Can CUDA use shared memory?
Shared memory is a powerful feature for writing well optimized CUDA code. Access to shared memory is much faster than global memory access because it is located on chip.
How are CUDA threads organized?
In CUDA, they are organized in a two-level hierarchy: a grid comprises blocks, and each block comprises threads. For all threads in a block, the block index is the same. The block index parameter can be accessed using the blockIdx variable inside a kernel.
What makes a CUDA code runs in parallel?
CUDA is a parallel computing platform and programming model developed by Nvidia for general computing on its own GPUs (graphics processing units). CUDA enables developers to speed up compute-intensive applications by harnessing the power of GPUs for the parallelizable part of the computation.
What is the correct order of CUDA program processing?

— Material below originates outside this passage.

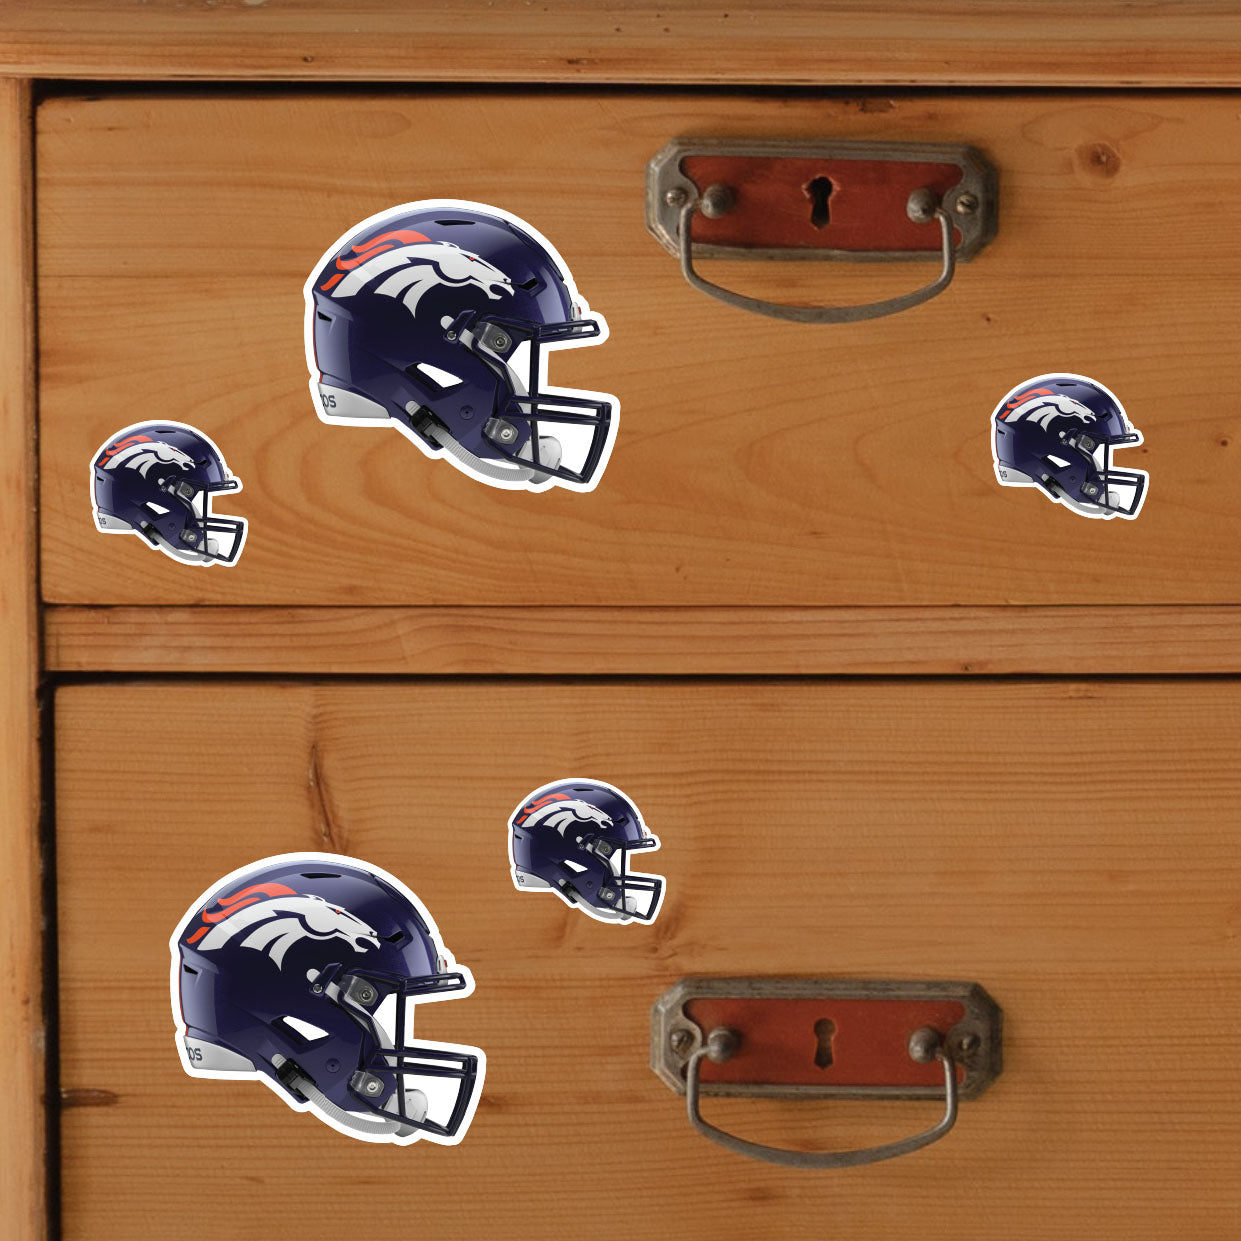 Denver Broncos: Helmet Minis - Officially Licensed NFL Removable Adhesive Decal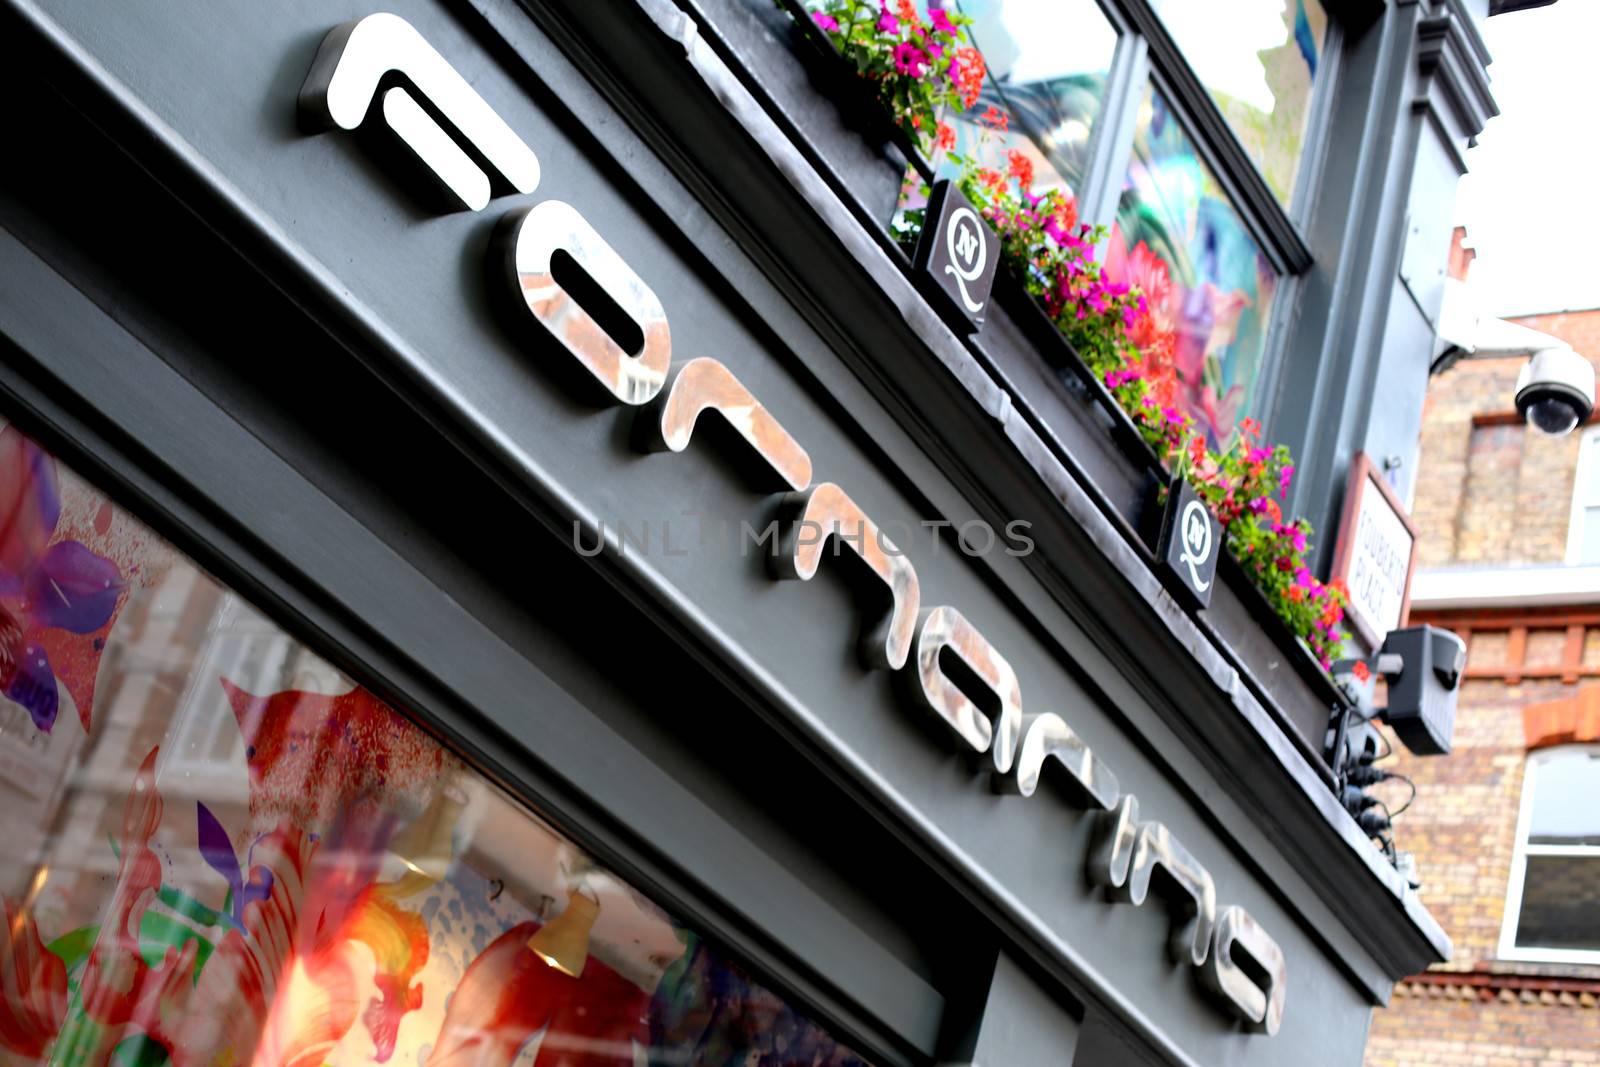 Fornarina Shop Sign Foubert's Place London by Whiteboxmedia

In a typical CUDA program, data are first send from main memory to the GPU memory, then the CPU sends instructions to the GPU, then the GPU schedules and executes the kernel on the available parallel hardware, and finally results are copied back from the GPU memory to the CPU memory. …
What is constant memory in CUDA?
The constant memory in CUDA is a dedicated memory space of 65536 bytes. It is dedicated because it has some special features like cache and broadcasting. The constant memory space resides in device memory and is cached in the constant cache mentioned in Compute Capability 1.
What memory system is used in CUDA?
CUDA also uses an abstract memory type called local memory. Local memory is not a separate memory system per se but rather a memory location used to hold spilled registers. Register spilling occurs when a thread block requires more register storage than is available on an SM.
Is shared memory faster?
Shared memory is the fastest form of interprocess communication. The main advantage of shared memory is that the copying of message data is eliminated. The usual mechanism for synchronizing shared memory access is semaphores.